2.18.2013

The value of photography is in being able to look back in time. My photography records the arc of my existence and of those around me.


I shot this image 34 years ago in a little house on Longview Ave. It's a portrait of my then girlfriend. Five years later we decided to get married. A number of years after that we decided to become parents. Now we've decided to grow old together.

All along the way I've taken photographs of this woman. I can see in the images that she's grown older but to me, no less beautiful than the day that I took this photograph. I suspect that I'll feel that way twenty years from now and, if the fates allow, even longer.

Over the course of the 34 years I've taken hundreds of thousands of photographs of other beautiful women, products, scenes, food and exotic locations. None of them has been an improvement either in seeing or in the technical process of recording compared with this image and other contemporaneous images.

In many ways this image belies the myth that we all continue to grow and learn as photographers. In my mind clear and unobstructed seeing is the thing that allows us to like or dislike an image, not the degree of sharpness or the breadth of tonal range.

We grow and learn as people while we age and we become more sophisticated in our ability to obscure our honest seeing with layers and layers of the mythology we share about image making and we give too much power to stories that celebrate the heroic efforts of image makers when all that is really called for is to either selfishly wish to stop time and embrace a moment forever, or a wish to honestly share something achingly beautiful with the world at large.

We seem to create new ways of doing things just to bolster the idea that we must work hard to do art that means anything. And truthfully, the art that means the most to us on a very human level just requires us to look across the expanse of six or seven feet at a subject that rivets us and holds us captive and to click one button.

Not so hard. Not so heroic. Not so nuanced. But maybe the difficulty comes when we try to make things perfect in every regard. When I am told that a new technique or a new material will bring my images one step closer to perfection I remember the idea of Japanese artists: it is the small imperfection that makes a work complete.

As I've raced toward the ever moving target of perfection I'm created more and more semi-opaque layers that make really seeing the subject in the photos I want to take harder and harder.

Clear seeing endures. Clear feelings make finding the people or things you want to photograph much easier. But it's the need to photograph something that makes the work wonderful. Not perfect, just wonderful.

Do we begin the search for technical perfection when we lose our nascent and direct connection to the things that bring us visual joy? Is it our first, uncritical connection that we spend the rest of our lives pursuing?

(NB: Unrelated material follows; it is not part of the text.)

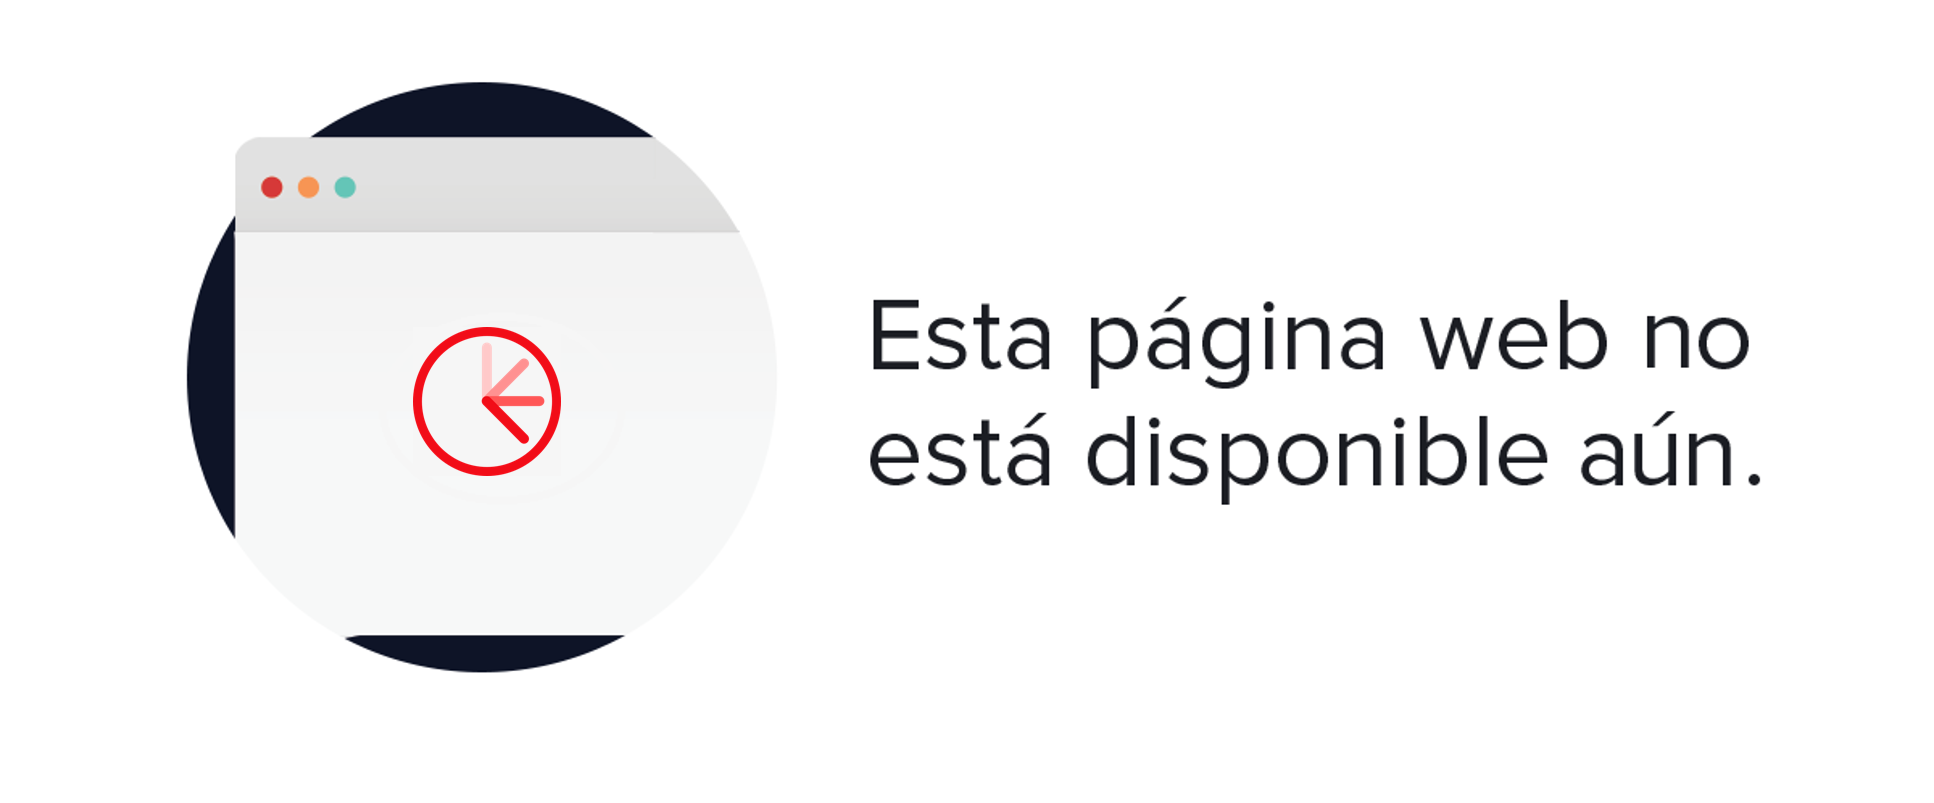 Salsa - Falda de mujer Salsa push up en denim claro Azul 5609807134915 - WDJMMKT

I can't remember what camera I used to take this but I can conjecture that it was an old Yashica twin lens camera. I can't remember what light I used but I'm pretty sure it was the one, lone battered, used Novatron flash and a yellowing umbrella that one of my more advanced photographer friends had tossed aside. But I remember looking into Belinda's eyes and needing to make a photograph so that I'd always have that memory preserved in a way that would allow me to go back to it again and again for pleasure and strength.

That's what the value of photography is to me. And that's all. All about the gear? You've got to be kidding...

8 comments:

  1. Well said, amen! And what a marvelous portrait!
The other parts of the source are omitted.